Bots Discord sans coder
Un projet de type bot n'ouvre pas l'éditeur de pages : il ouvre un studio en trois colonnes — les commandes, les événements et les modules à gauche ; la suite d'actions au centre ; les réglages à droite. À la publication, le studio écrit un vrai fichier index.js en discord.js v14.
1. Le jeton
Il se saisit dans Réglages → Connexion du bot. Il ne touche jamais le projet : ni le stockage du navigateur, ni l'export, ni un fichier publié. À la publication, il devient la variable DISCORD_TOKEN chiffrée de ton serveur, et le champ se vide.
Le bot généré lit tout seul le fichier .env écrit par le panel — une quinzaine de lignes sans dépendance, parce que Node ne le fait pas nativement. Renseigner GUILD_ID (facultatif) fait apparaître les commandes immédiatement sur ton serveur ; sans lui, elles sont globales et peuvent mettre jusqu'à une heure.
2. Commandes, événements
Une commande slash a un nom, une description, une permission requise et des options demandées à l'utilisateur (texte, nombre, membre, salon, rôle, oui/non). Une option nommée membre est utilisée par les actions sanctionner et donner un rôle.
Quatre événements : un membre arrive, un membre part, un mot-clé est écrit, un message est supprimé.
3. Les 21 actions
Chacune se lit en une phrase dans le studio et s'écrit en JavaScript à la publication :
- Répondre, en public ou visible de la seule personne.
- Encadré — au choix l'embed classique (v1) ou les Components V2 : conteneur, blocs de texte, galerie, séparateur, envoyé avec
MessageFlags.IsComponentsV2. Ce format interditcontentetembedsdans le même message : le générateur s'en charge. - Message à boutons : jusqu'à cinq, chacun ouvrant un lien, donnant un rôle ou répondant un texte.
- Menu déroulant : une réponse par choix.
- Formulaire : une fenêtre à remplir, les réponses partent dans un salon.
- Lire une API : une adresse JSON, un chemin dans la réponse.
- Rappel différé, compteur persistant, attendre.
- Écrire dans un salon, message privé, réagir, sondage, réponse au hasard.
- Donner ou retirer un rôle, sanctionner (expulser, bannir, exclure), supprimer des messages, mode lent.
- Continuer seulement si (rôle, permission, contenu, auteur) — sinon la suite ne s'exécute pas.
- Journaliser et code personnalisé.
Un formulaire doit être la première action : Discord n'ouvre une fenêtre que si rien n'a encore répondu à l'interaction. La vérification du bot le signale.
4. Les 12 modules
Anti-spam, anti-liens, mots interdits, journal, rôle automatique, tickets, rôles par boutons, niveaux, concours, boîte à suggestions, anti-raid, compteur de membres.
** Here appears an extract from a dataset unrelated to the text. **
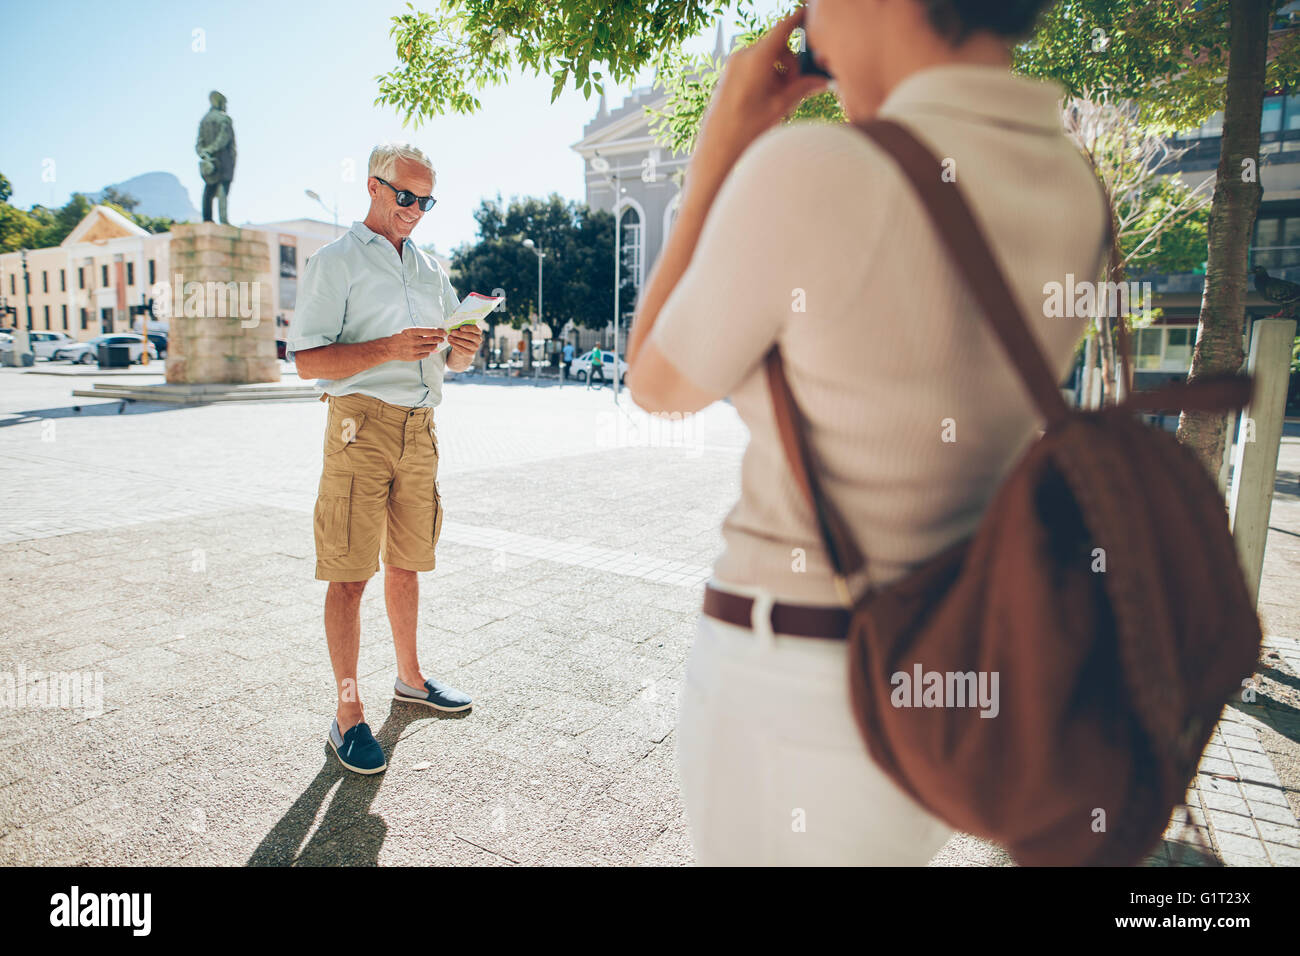 Senior man being photographer by a woman in the city during their vacation. Senior couple taking photos on their vacation. Stock Photo

Un module se clique, pas seulement se coche : la pastille l'allume ou l'éteint, le nom l'ouvre — et la colonne du centre affiche sa suite d'actions prédéfinie, dans la même grammaire que les actions d'une commande.
Le bouton Version JavaScript recopie le code du module dans un champ modifiable : à partir de là, c'est le tien qui est publié. On ne part donc jamais d'une page blanche. Revenir à la version standard annule l'éjection.
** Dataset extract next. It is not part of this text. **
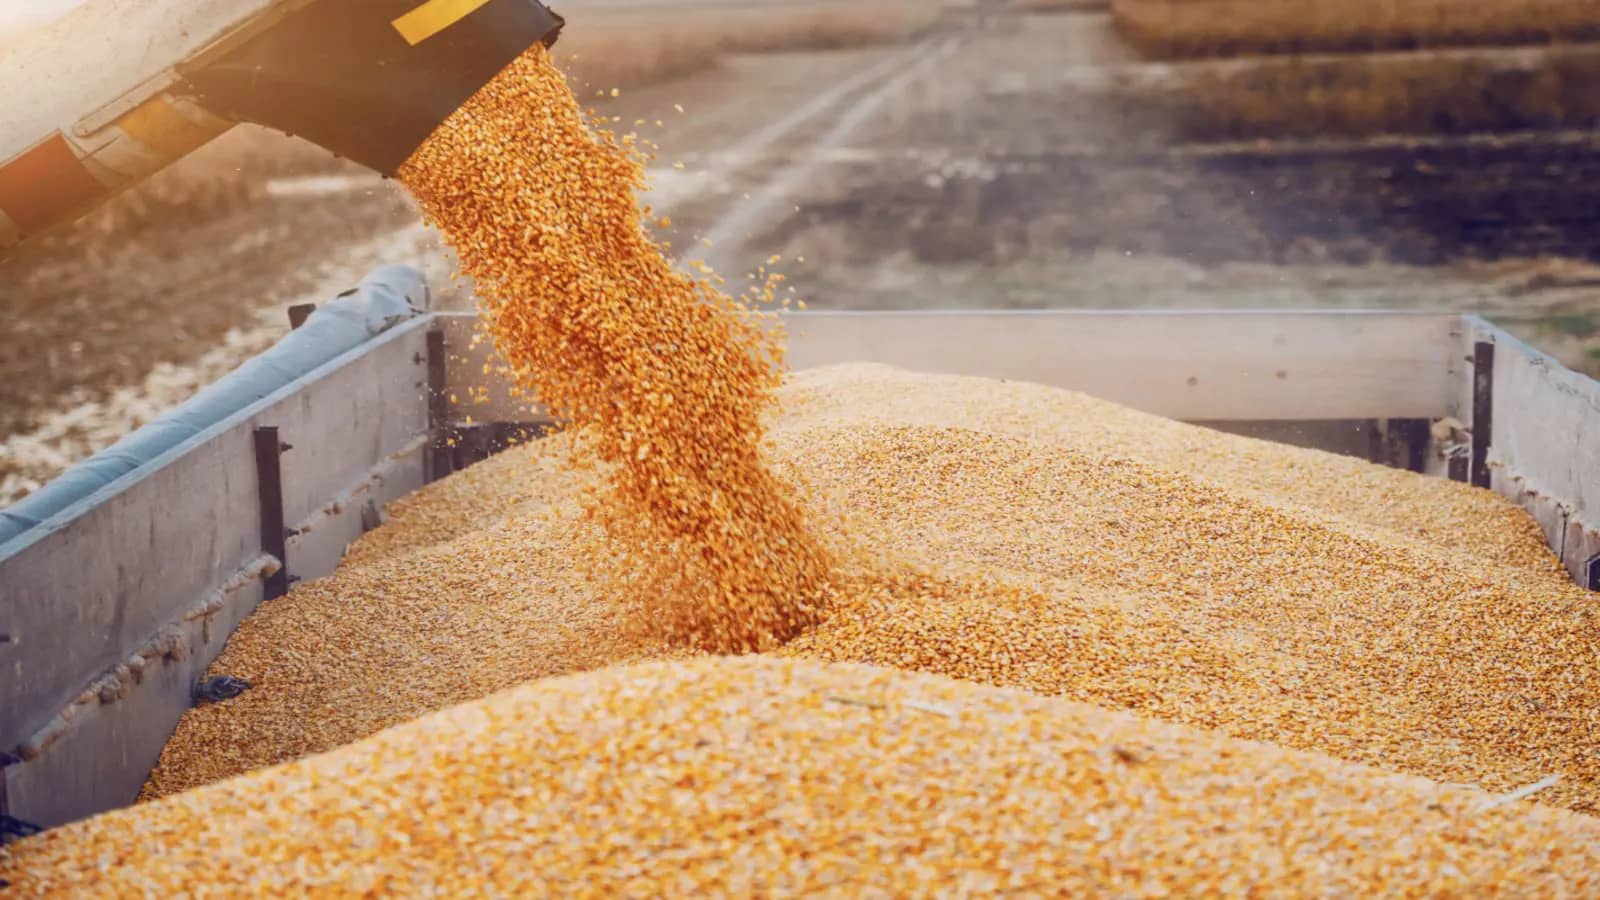 IGC optimistic of a bumper grain harvest despite poor growth conditions in some regions

5. Vérifier avant de publier
Un bot ne se teste pas depuis un navigateur. Le bouton Vérifier le bot (Réglages) remonte ce qui est visible dans le studio : jeton absent, deux commandes du même nom, commande sans action, formulaire mal placé, identifiants de salon ou de rôle laissés vides, module actif mais sans valeur, absence de salon de journal.
Il rappelle aussi les intents à cocher dans le portail développeur Discord (Bot → Privileged Gateway Intents) : Message Content dès qu'on lit des messages, Server Members pour les arrivées et les départs. Sans eux, le bot se connecte mais ne voit rien.
6. Publier
Trois fichiers sont déposés sur le serveur créé : index.js généré, package.json (discord.js ≥ 14.19, nécessaire aux Components V2) et un README.md. Le bouton Code montre le fichier exactement tel qu'il sera publié — c'est aussi la meilleure façon d'apprendre discord.js.
Pour inviter le bot : portail développeur → OAuth2 → URL Generator, coche bot et applications.commands, puis les permissions nécessaires.